Il caso di ELENA però mi sembra diverso, perché lui quando lei gli ha detto ci rivediamo avrebbe potuto, se non era interessato, dire di no. ci sono mille modi di dire di no. E immagino che Elena senza problemi avrebbe capito. perché la questione non era un “film” di cui aveva scritto la trama da sola. No, Elena?
Ciao a tutti.Rieccomi!!!
Ogni tanto vi leggo,compagni di dolore e sventure.

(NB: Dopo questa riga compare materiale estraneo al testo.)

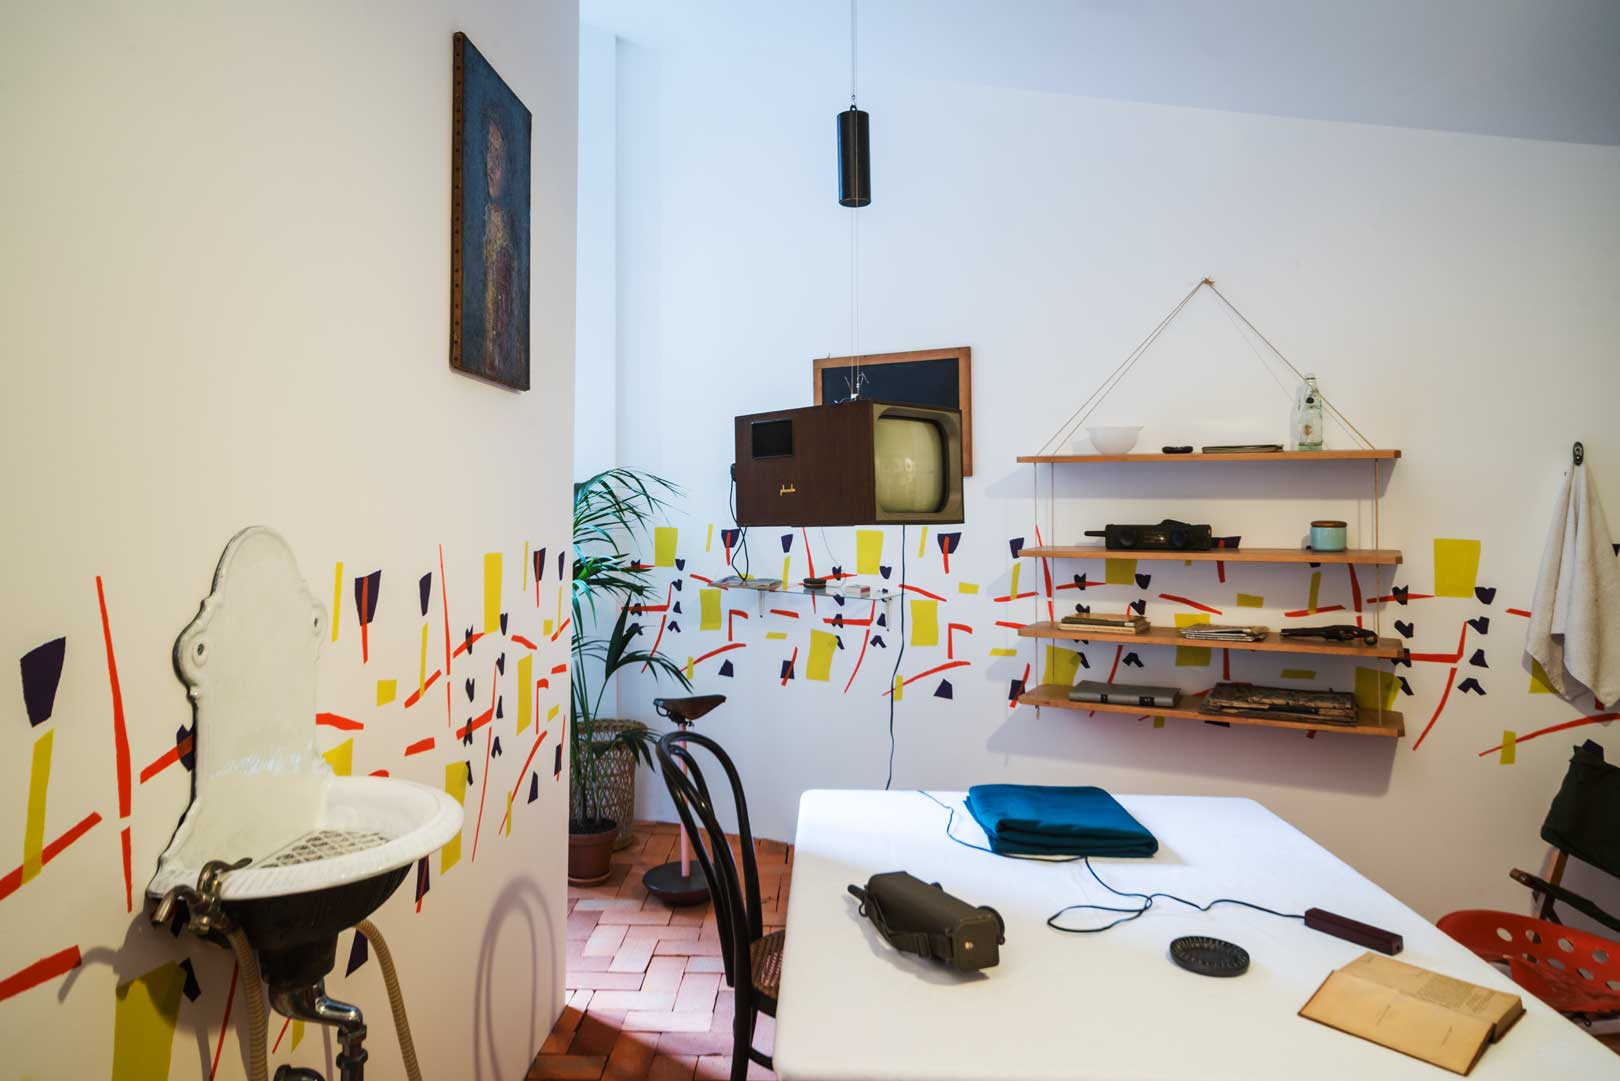 The achille castiglioni studio museum flawless milano - Tavolo castiglioni ...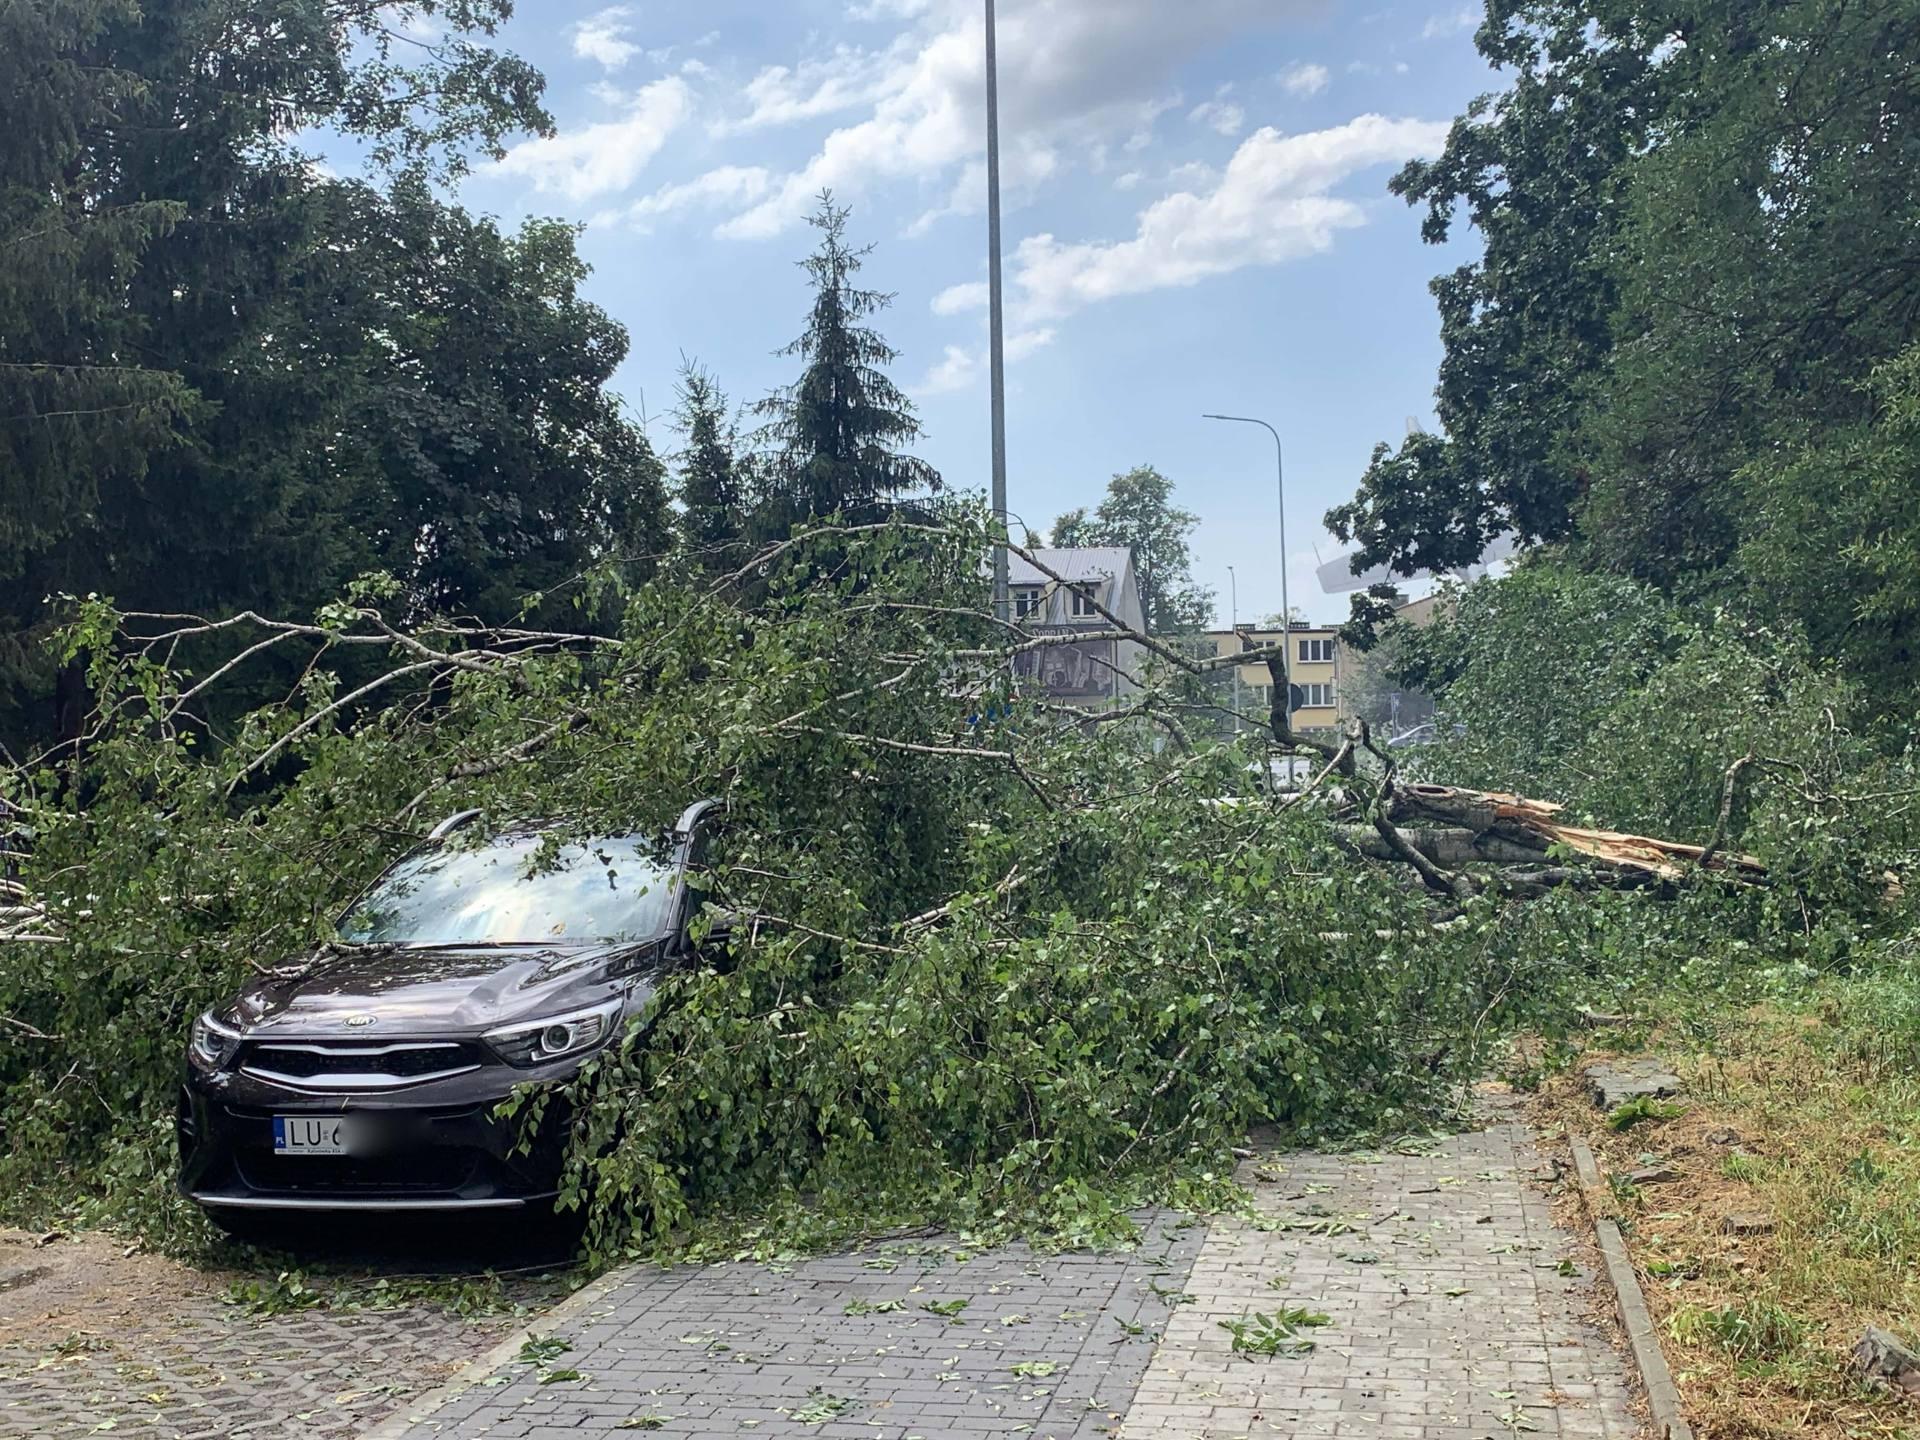 img 0965 Zerwane dachy, połamane drzewa, uszkodzone samochody. Straty po burzy, która przeszła nad Zamojszczyzną

Io ora sto bene, veramente bene!Con la mia compagna trascorro ormai quasi tutte le sere ed i week end siamo praticamente sempre insieme.Tutto fila liscio e spero lo sara’ anche in futuro.
Finalmente una donne con la d maiuscola.Interessante, intelligente e matura.
Con lei parlo di tutto e non solo di cazzate come con la mia ex.
A proposito di ex, ho saputo da un amico che abita vicino a lei che si sta ributtando via facendosi accompagnare da personaggi squallidi e chiacchierati, mi riferisco a tossici,discotecari e gentaglia del genere, tipo grande fratello per intederci.Oltretutto il suo target ora e’ rivolto verso toy boy di almeno 6/7 anni minori di lei.
Poveretta!!!Dopo averla strappata dai rifiuti ci e’ tornata in un attimo.Si vede che la sua vita ed il suo futuro sono e saranno quelli!!!
Ragazzi/e non disperate, il dolore passa e quando ci si volta indietro,spesso, ci si accorge di avere sofferto per poca cosa e per individui che non erano all’altezza.Donate amore a chi lo merita.
Un abbraccio a tutti/e.
esatto LUNA
la mia cena era una maniera come un altra per dire: conosciamoci. Poi il resto, se ci sarà, possiamo stabilirlo insieme.
Ma molto terra terra, senza aspettative alcune da una parte e dall’altra.
Se è vero che da una parte, preferisco le maniere dirette a costo di sembrare scortese, vedasi come altri che ho visto e intrattenuto un semplice dialogo di correttezza, anche al punto di dire: no thanks o viceversa, mi sembra che qui, in questo ultimo caso, io sia stata chiara e lui di rimando che abbia accettato.
Può essere che al momento uno ti dica: si ci rivediamo e poi sparisca, giusto perchè non interessi. Io non sono nella mente di ogniuno, sò come mi comporterei io. Per questo la prendo con filosofia. Niente film o quant’altro.
Mi fa solo specie sentire che una persona non si prenda le proprie responsabilità.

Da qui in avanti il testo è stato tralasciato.